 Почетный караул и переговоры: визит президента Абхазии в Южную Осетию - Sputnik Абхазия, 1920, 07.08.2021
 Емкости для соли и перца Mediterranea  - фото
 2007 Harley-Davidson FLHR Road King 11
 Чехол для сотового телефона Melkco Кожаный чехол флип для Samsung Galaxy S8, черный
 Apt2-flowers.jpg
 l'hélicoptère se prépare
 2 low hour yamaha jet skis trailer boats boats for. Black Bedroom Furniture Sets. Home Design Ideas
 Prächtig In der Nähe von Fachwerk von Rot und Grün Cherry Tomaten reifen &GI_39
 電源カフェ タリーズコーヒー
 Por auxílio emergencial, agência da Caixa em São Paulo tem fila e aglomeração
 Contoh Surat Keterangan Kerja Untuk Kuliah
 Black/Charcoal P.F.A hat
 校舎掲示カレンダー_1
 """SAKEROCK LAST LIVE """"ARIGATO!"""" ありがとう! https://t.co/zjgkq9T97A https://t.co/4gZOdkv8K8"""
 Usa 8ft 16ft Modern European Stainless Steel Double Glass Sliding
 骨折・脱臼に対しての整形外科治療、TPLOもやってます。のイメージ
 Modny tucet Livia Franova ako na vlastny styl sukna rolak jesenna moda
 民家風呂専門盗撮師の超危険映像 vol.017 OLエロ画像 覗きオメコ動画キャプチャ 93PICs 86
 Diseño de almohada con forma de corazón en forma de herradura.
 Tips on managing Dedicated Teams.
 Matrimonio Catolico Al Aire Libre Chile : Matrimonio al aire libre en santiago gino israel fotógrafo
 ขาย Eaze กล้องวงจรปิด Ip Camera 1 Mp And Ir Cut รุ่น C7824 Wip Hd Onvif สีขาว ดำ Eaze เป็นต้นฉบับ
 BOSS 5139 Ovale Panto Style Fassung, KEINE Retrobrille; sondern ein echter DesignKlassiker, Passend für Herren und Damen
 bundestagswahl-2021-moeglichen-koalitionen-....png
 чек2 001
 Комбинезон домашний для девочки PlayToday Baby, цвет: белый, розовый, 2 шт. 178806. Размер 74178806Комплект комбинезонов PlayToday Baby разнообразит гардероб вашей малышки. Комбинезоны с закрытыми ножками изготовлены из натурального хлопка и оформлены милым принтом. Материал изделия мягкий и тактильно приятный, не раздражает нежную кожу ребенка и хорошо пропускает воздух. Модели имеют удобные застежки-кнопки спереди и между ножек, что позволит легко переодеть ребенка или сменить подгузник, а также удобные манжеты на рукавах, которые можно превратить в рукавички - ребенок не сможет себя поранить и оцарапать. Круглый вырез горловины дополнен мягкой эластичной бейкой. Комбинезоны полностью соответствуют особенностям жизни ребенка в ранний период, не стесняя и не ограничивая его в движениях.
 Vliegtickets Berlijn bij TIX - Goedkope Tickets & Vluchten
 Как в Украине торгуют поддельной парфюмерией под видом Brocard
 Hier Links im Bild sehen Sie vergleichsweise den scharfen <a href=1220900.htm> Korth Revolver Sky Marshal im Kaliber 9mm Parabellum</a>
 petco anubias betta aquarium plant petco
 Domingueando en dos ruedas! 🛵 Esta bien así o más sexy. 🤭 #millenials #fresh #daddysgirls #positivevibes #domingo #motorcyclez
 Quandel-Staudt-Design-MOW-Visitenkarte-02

• _Aim of the exercise_:
Nothing but the exact lines from the start of the material through the line holding "Apt2-flowers.jpg", both included, belongs in the answer.

• _Exercise answer_:
 Почетный караул и переговоры: визит президента Абхазии в Южную Осетию - Sputnik Абхазия, 1920, 07.08.2021
 Емкости для соли и перца Mediterranea  - фото
 2007 Harley-Davidson FLHR Road King 11
 Чехол для сотового телефона Melkco Кожаный чехол флип для Samsung Galaxy S8, черный
 Apt2-flowers.jpg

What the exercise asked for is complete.